→ **Given material**
————

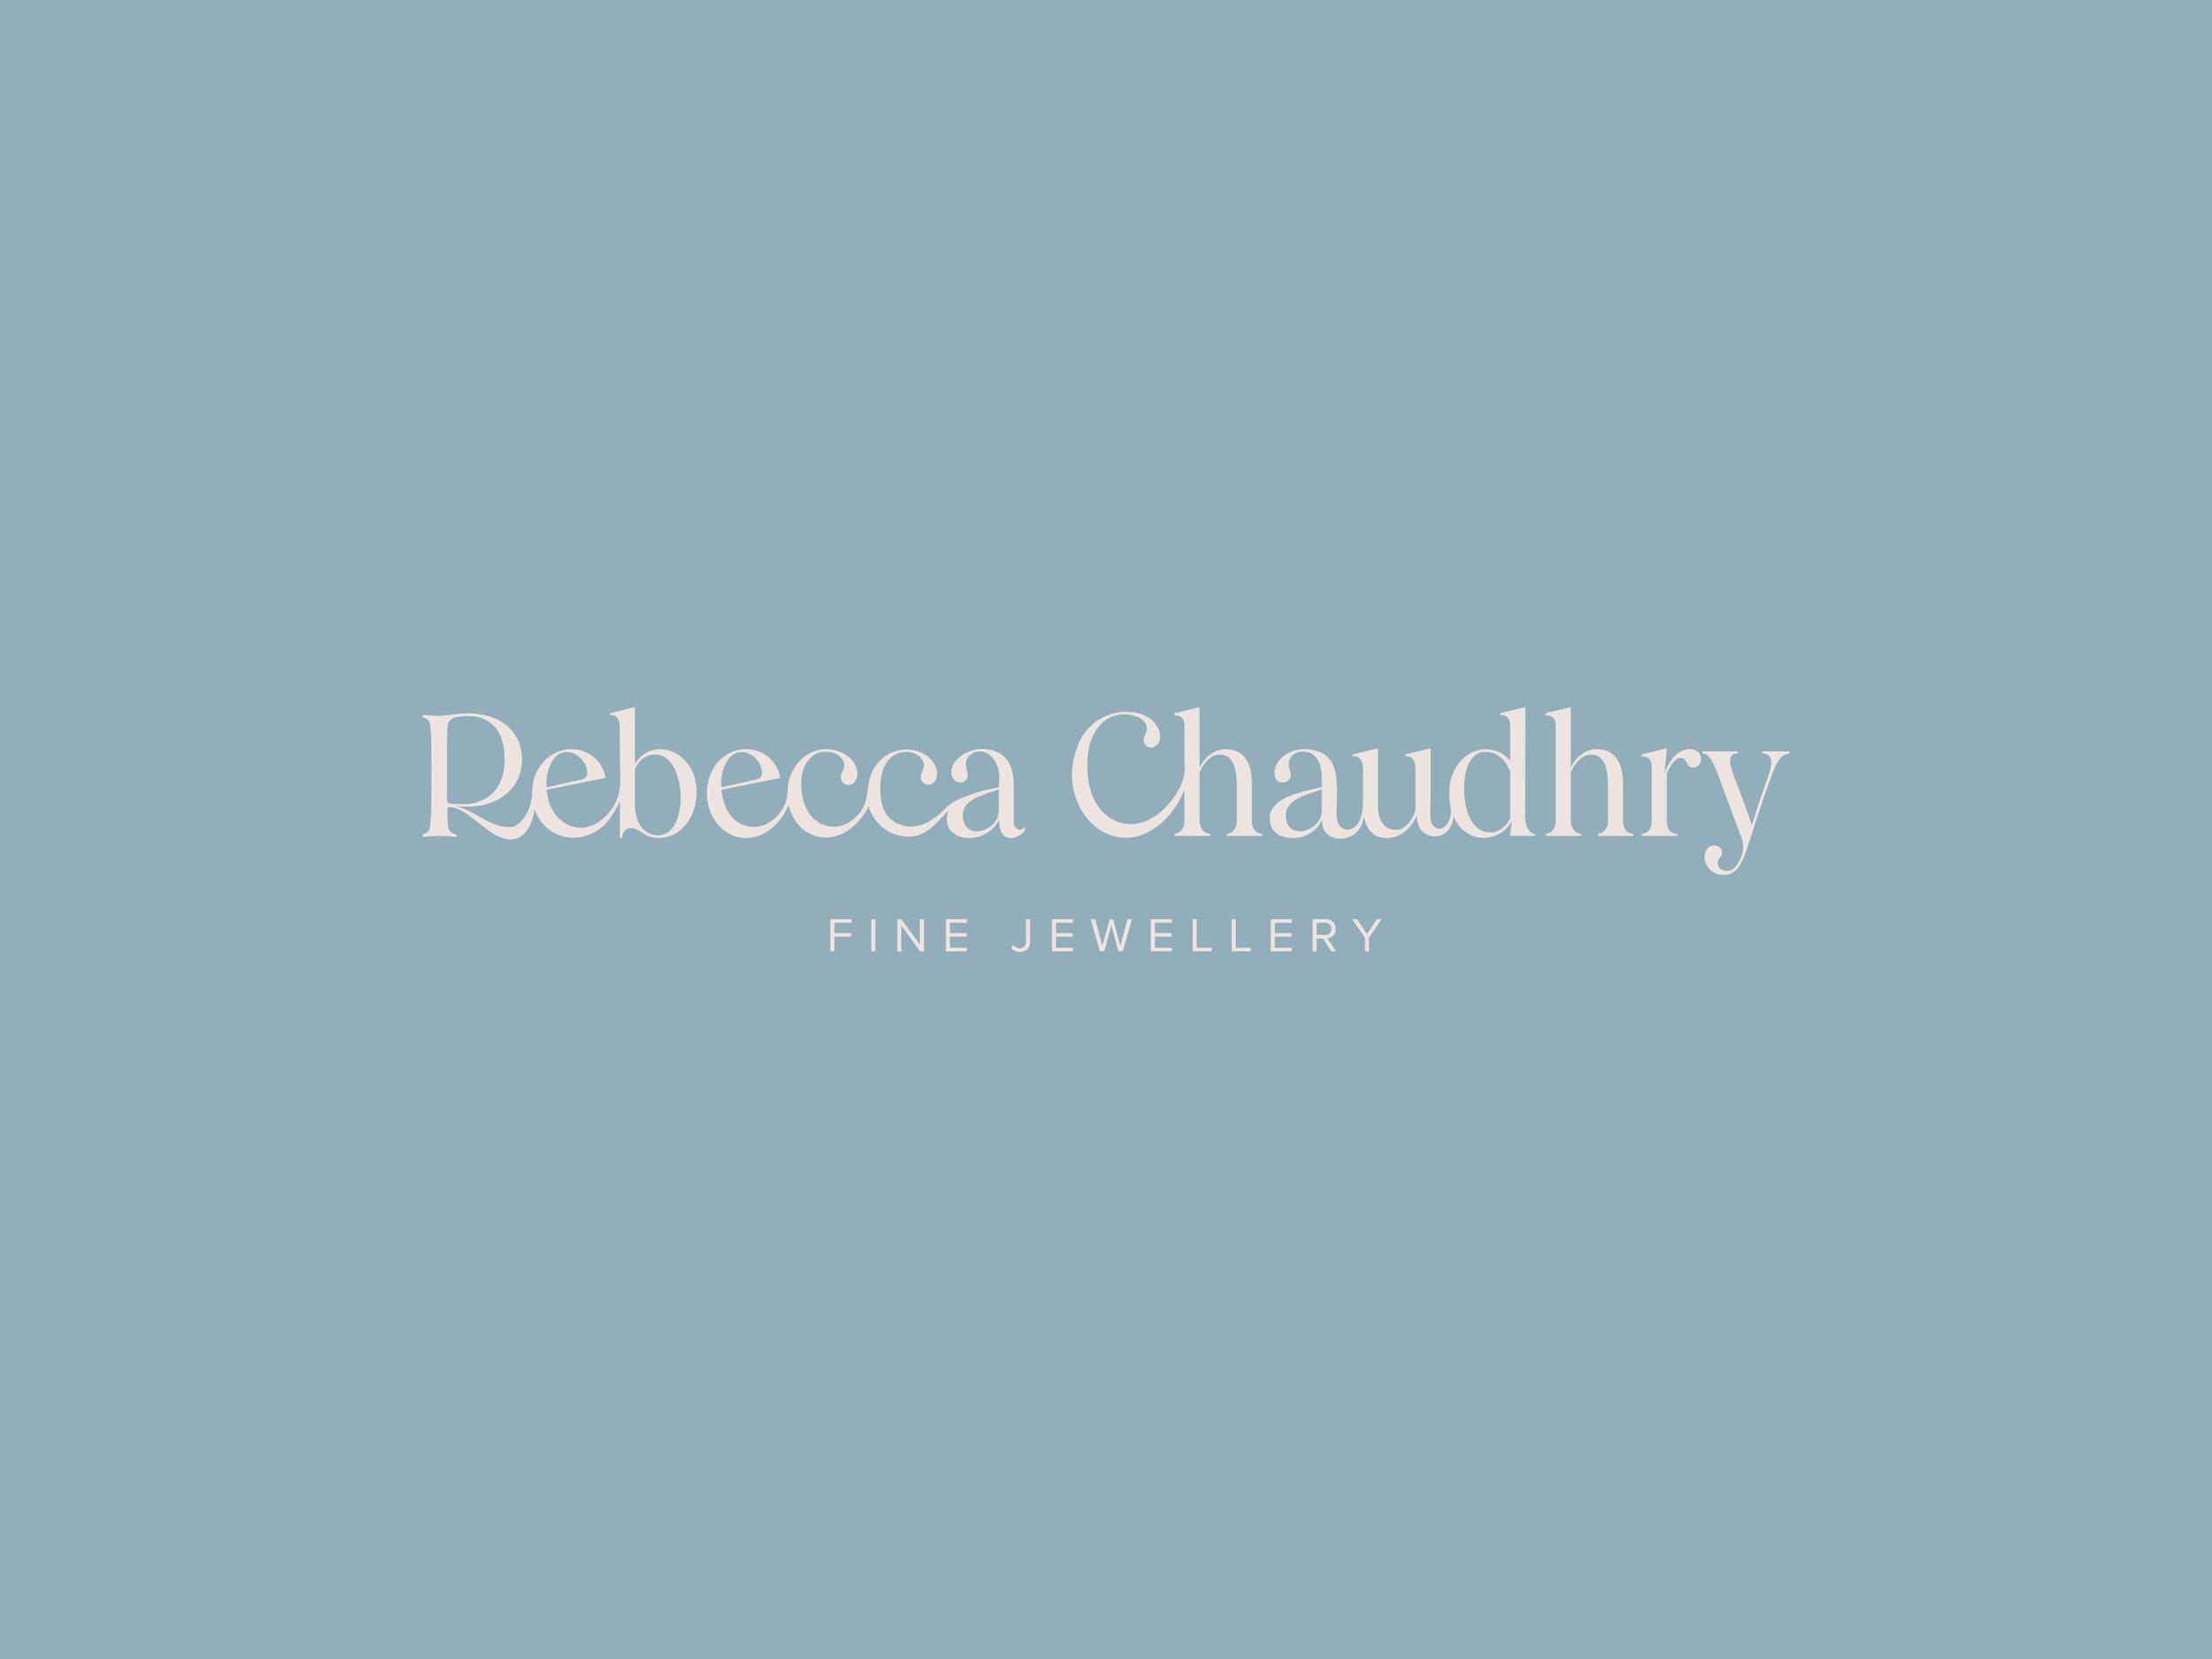 Rebecca-Chaudhry-01.jpg
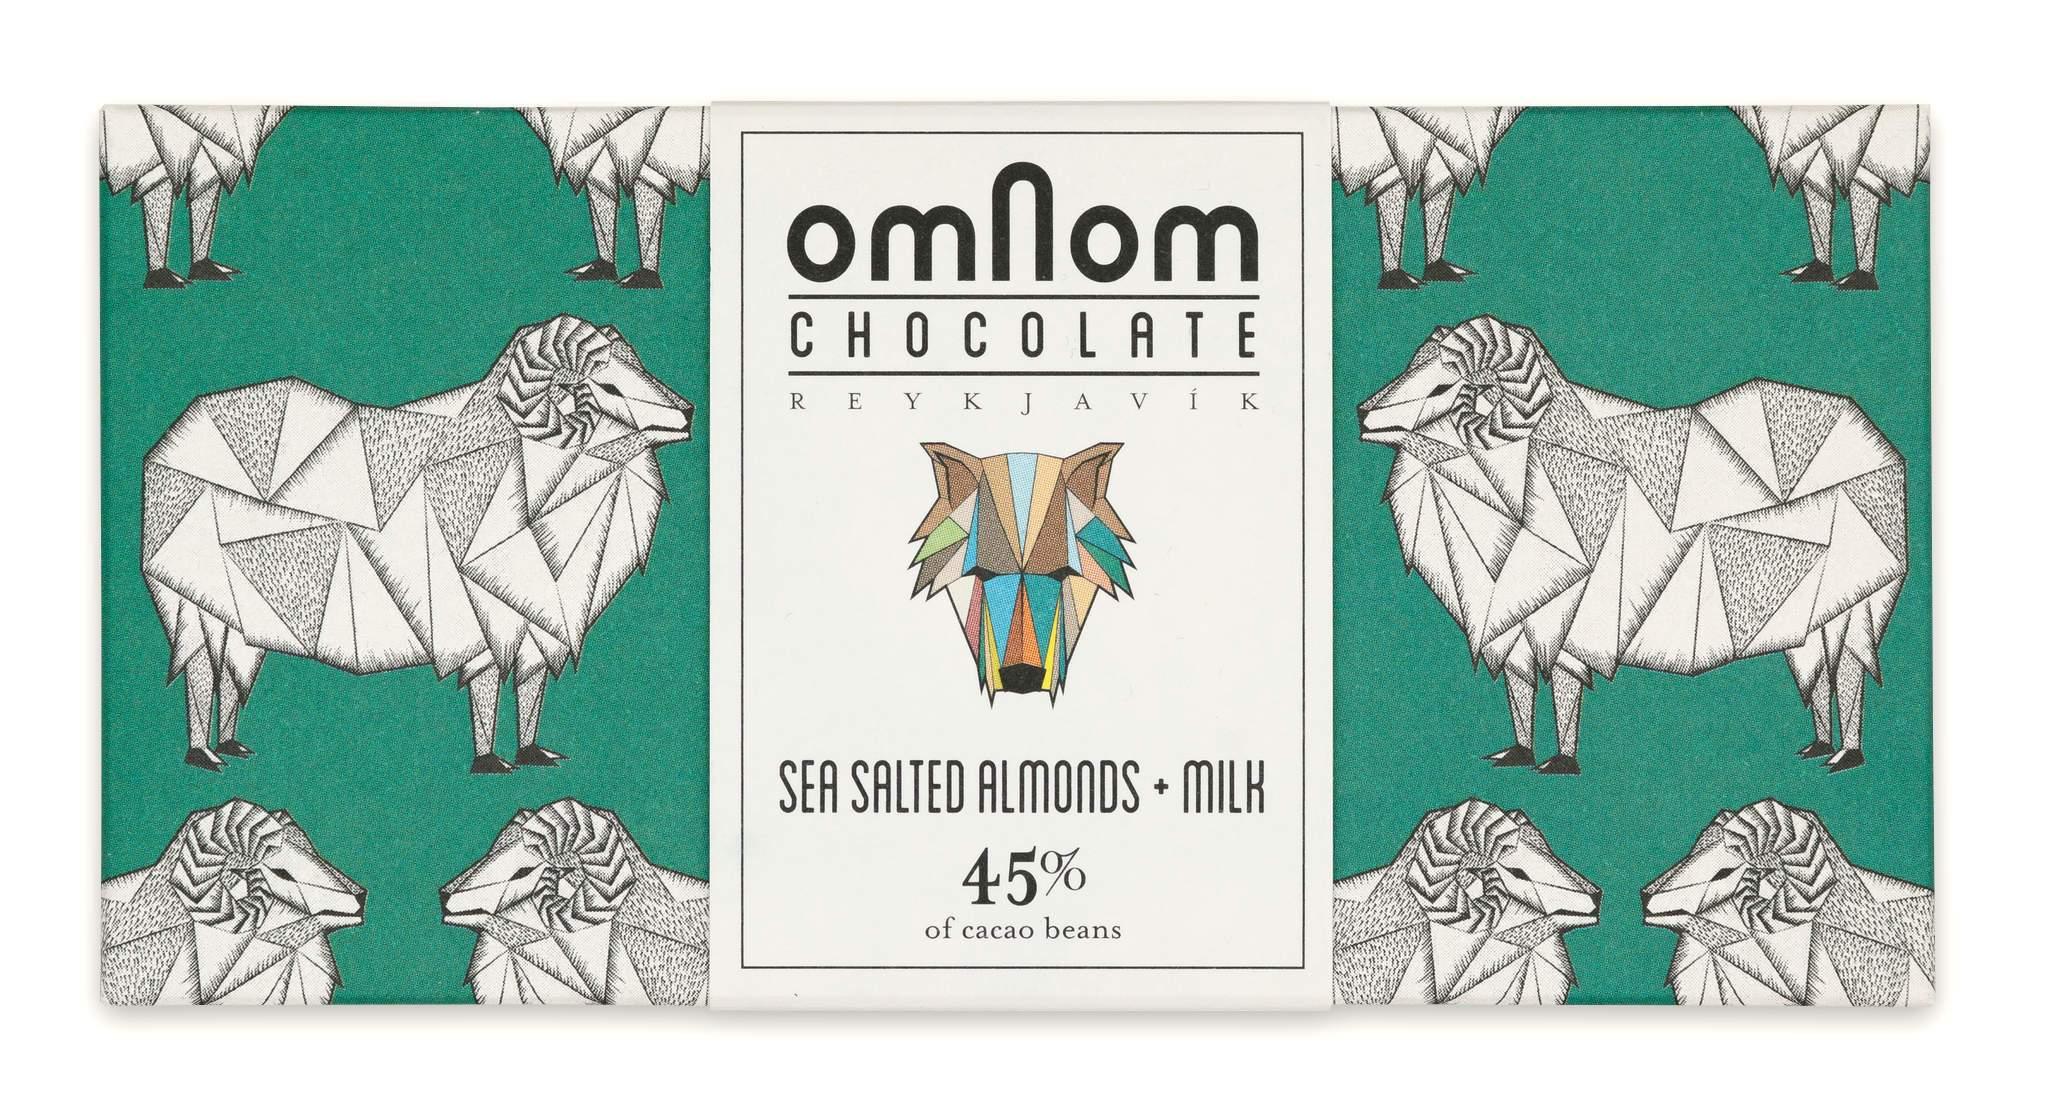 OMNOM Chocolate | Milchschokolade »Sea Salted Almonds & Milk« 32%
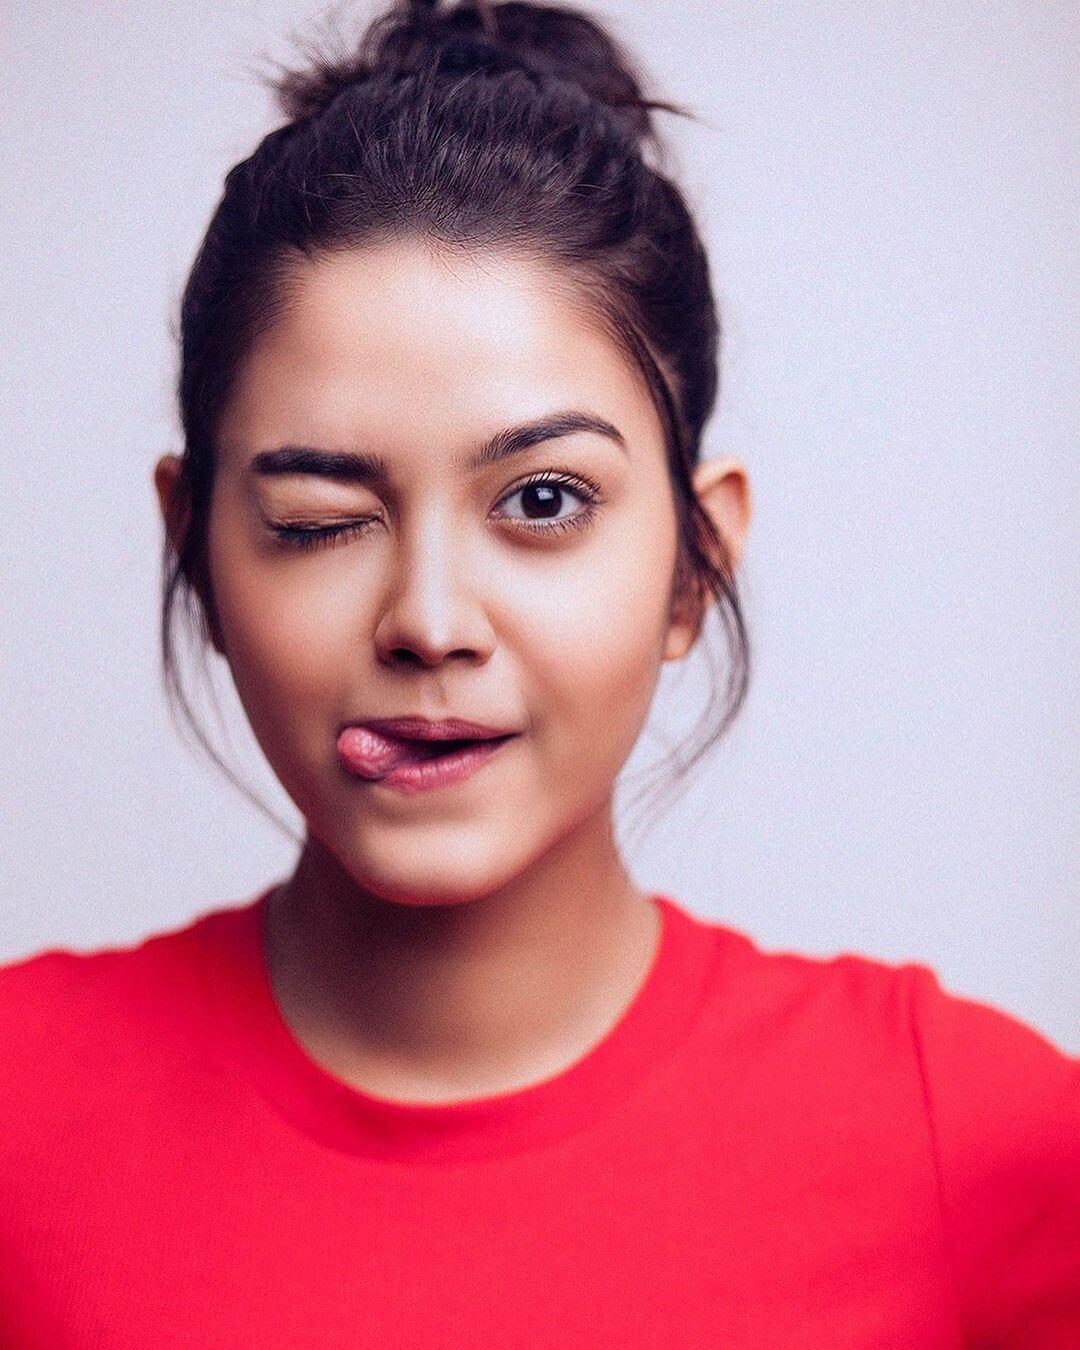 Priyal Mahajan On Red T Shirt

————

Leaving images out, please output every line of the data exactly.

→ **Finished task**
 Rebecca-Chaudhry-01.jpg
 OMNOM Chocolate | Milchschokolade »Sea Salted Almonds & Milk« 32%
 Priyal Mahajan On Red T Shirt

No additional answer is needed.